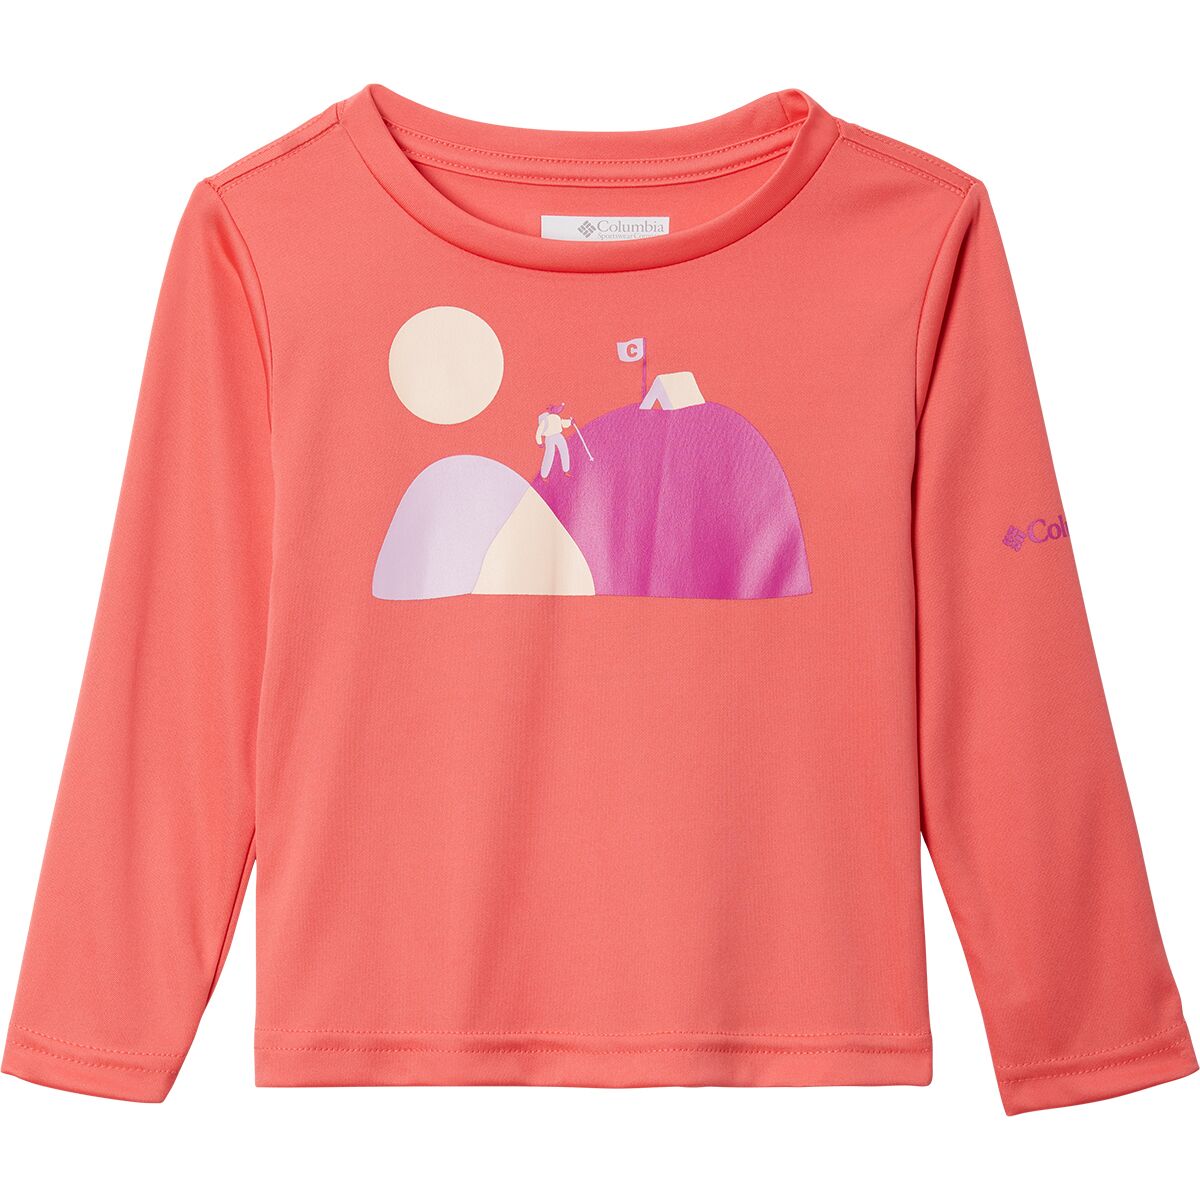 Columbia Mirror Rock Long-Sleeve Graphic T-Shirt - Toddler Girls'
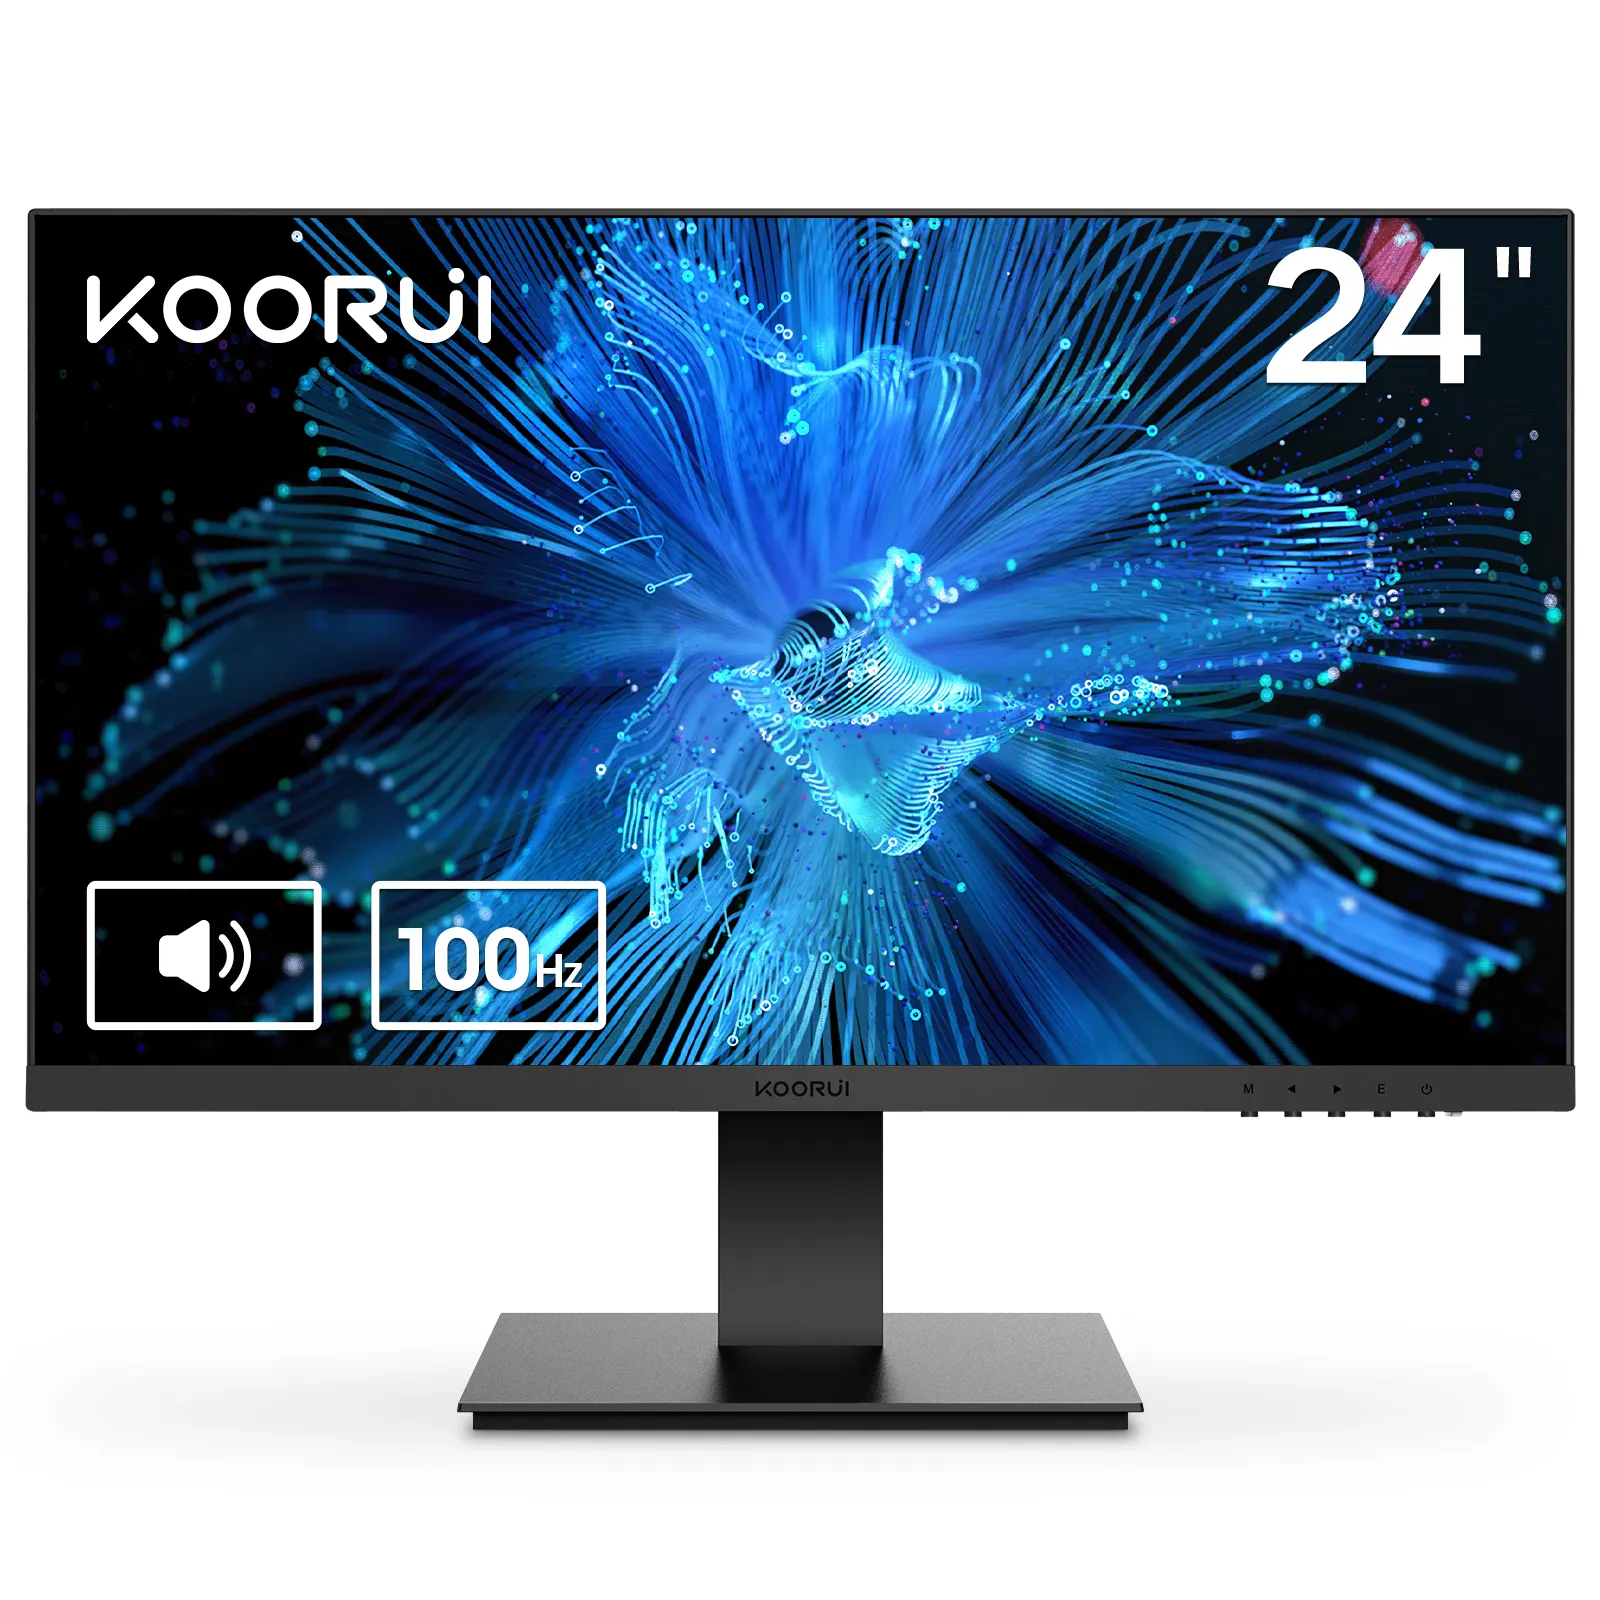 Koorui- pc 24 inch monitor desktop hd hkc 1080p frameless screen 100hz rgb pc computer display factory
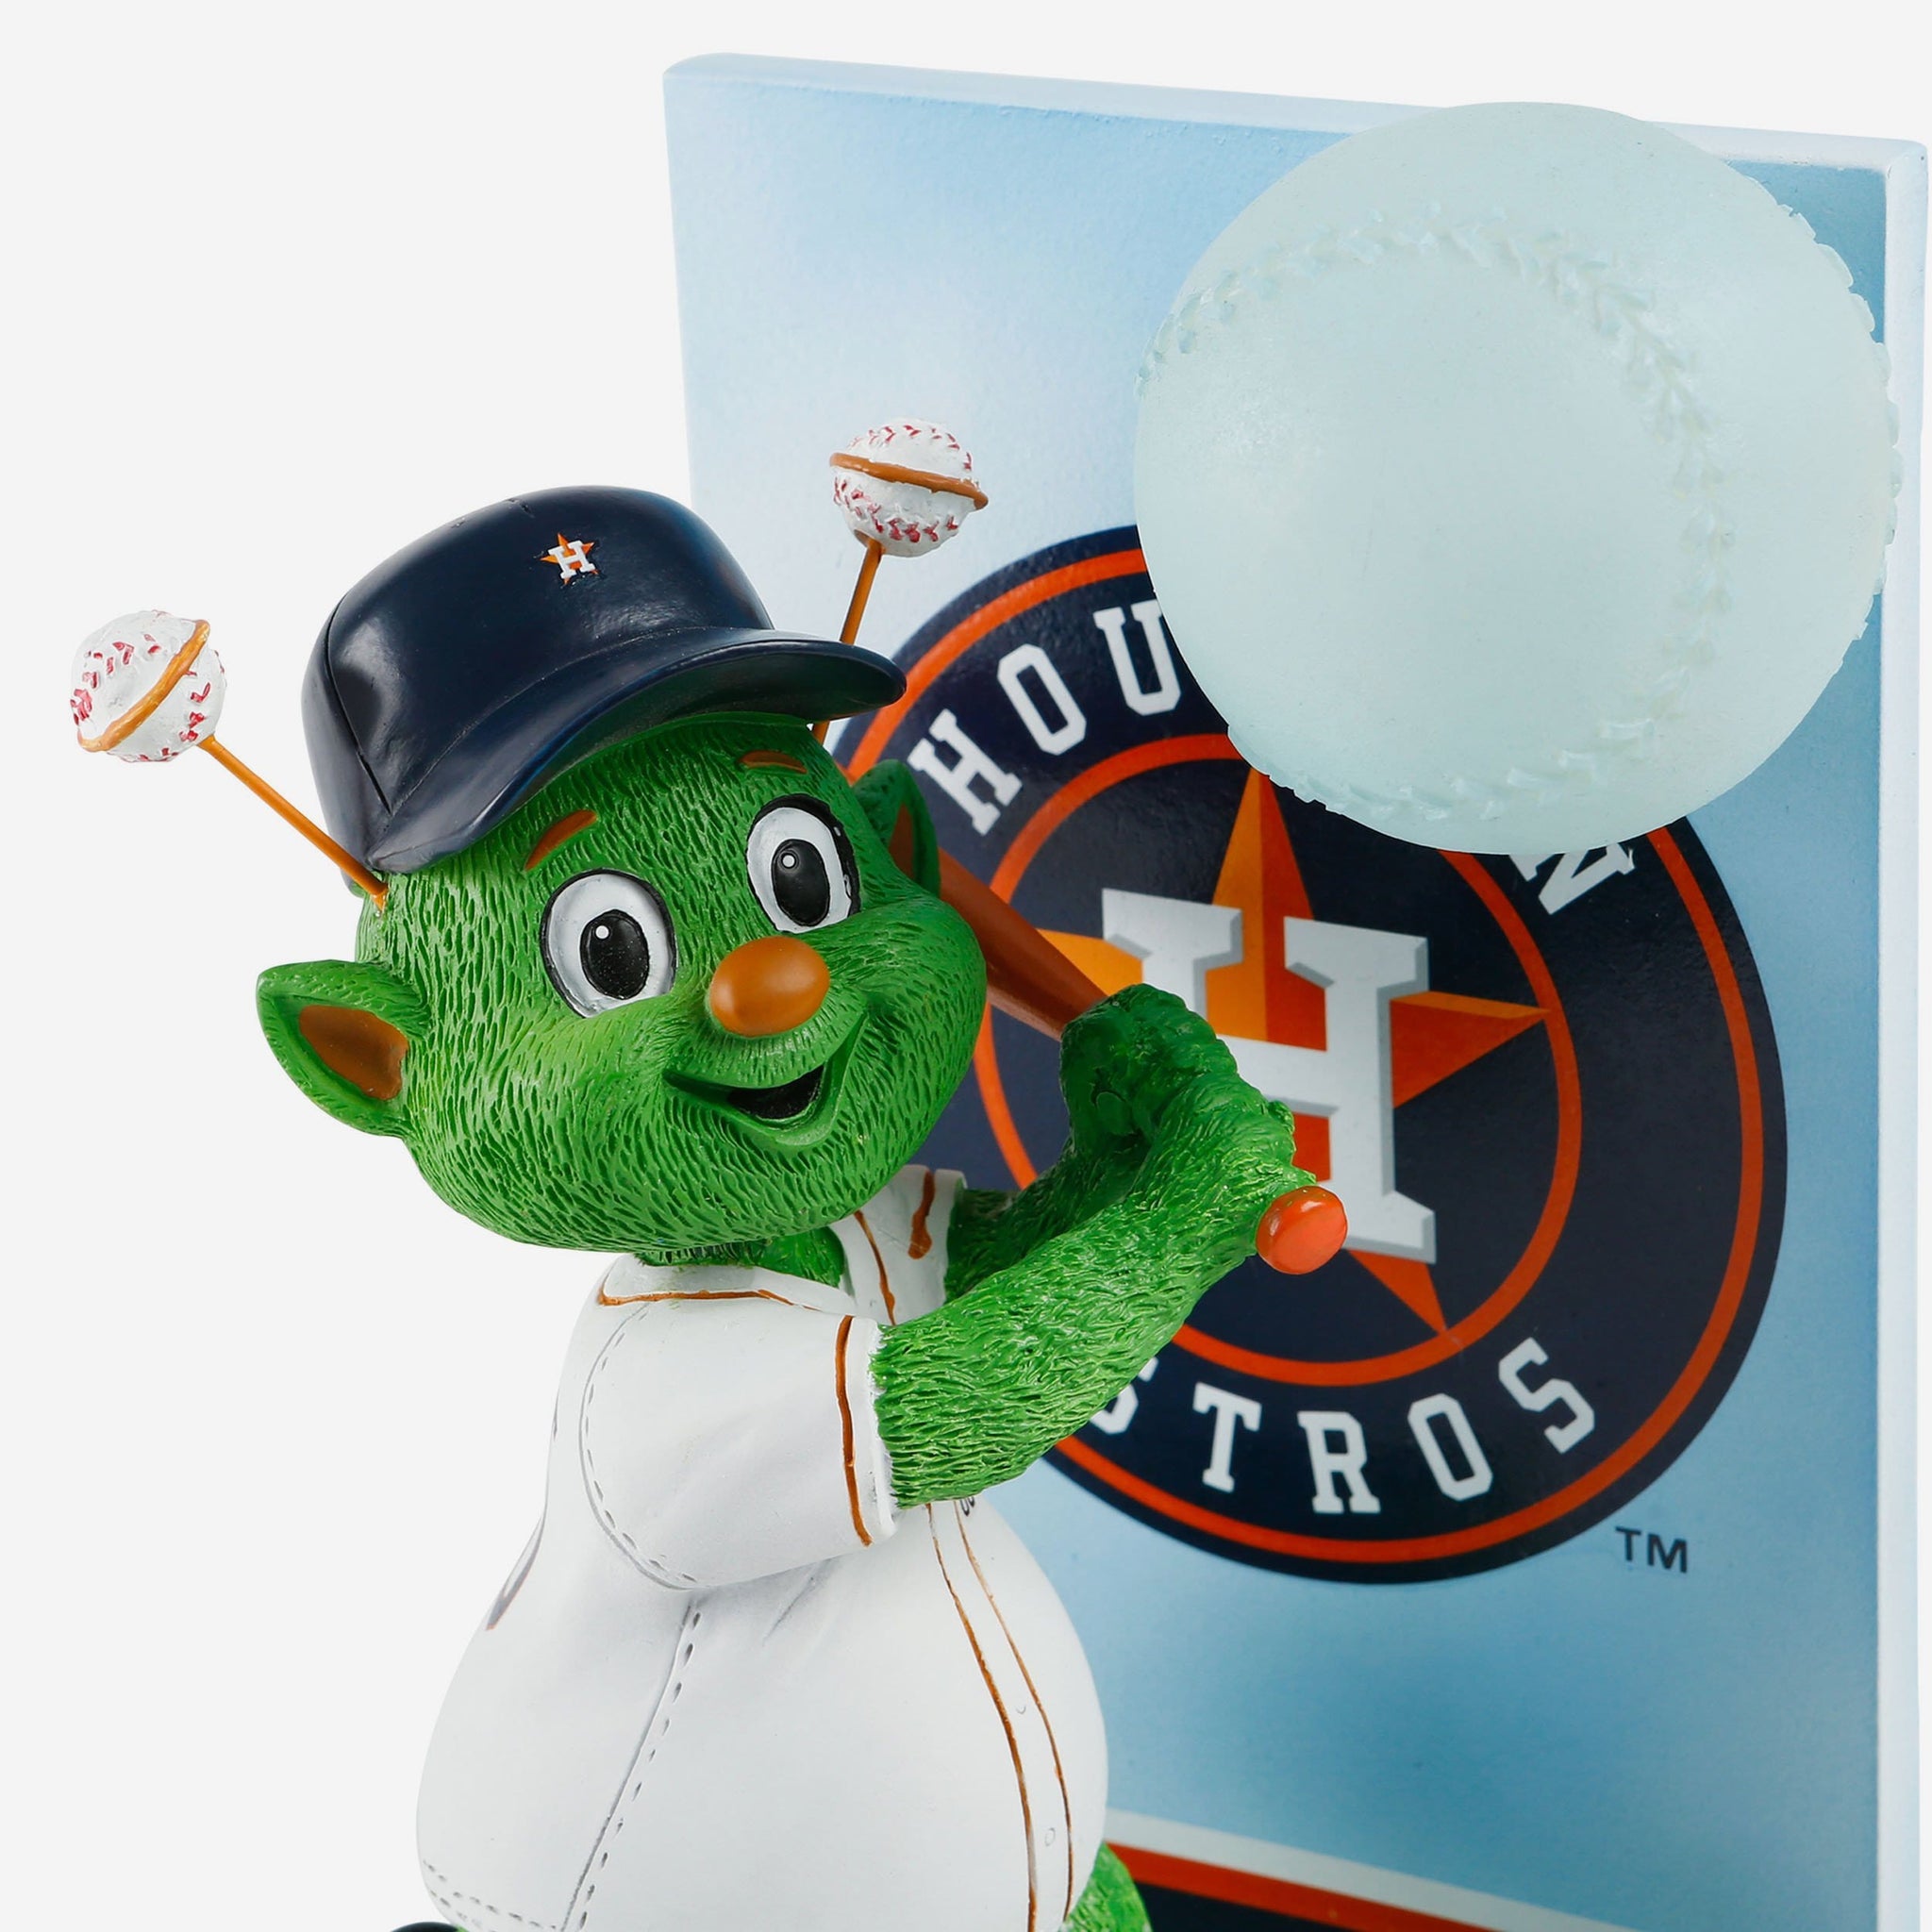 Houston Astros Orbit Spectacular Mascot Bobblehead FOCO

* What to do *
Hand back the data above exactly, with no images.

* Solved exercise *
 Columbia Mirror Rock Long-Sleeve Graphic T-Shirt - Toddler Girls'
 Koorui- pc 24 inch monitor desktop hd hkc 1080p frameless screen 100hz rgb pc computer display factory
 Houston Astros Orbit Spectacular Mascot Bobblehead FOCO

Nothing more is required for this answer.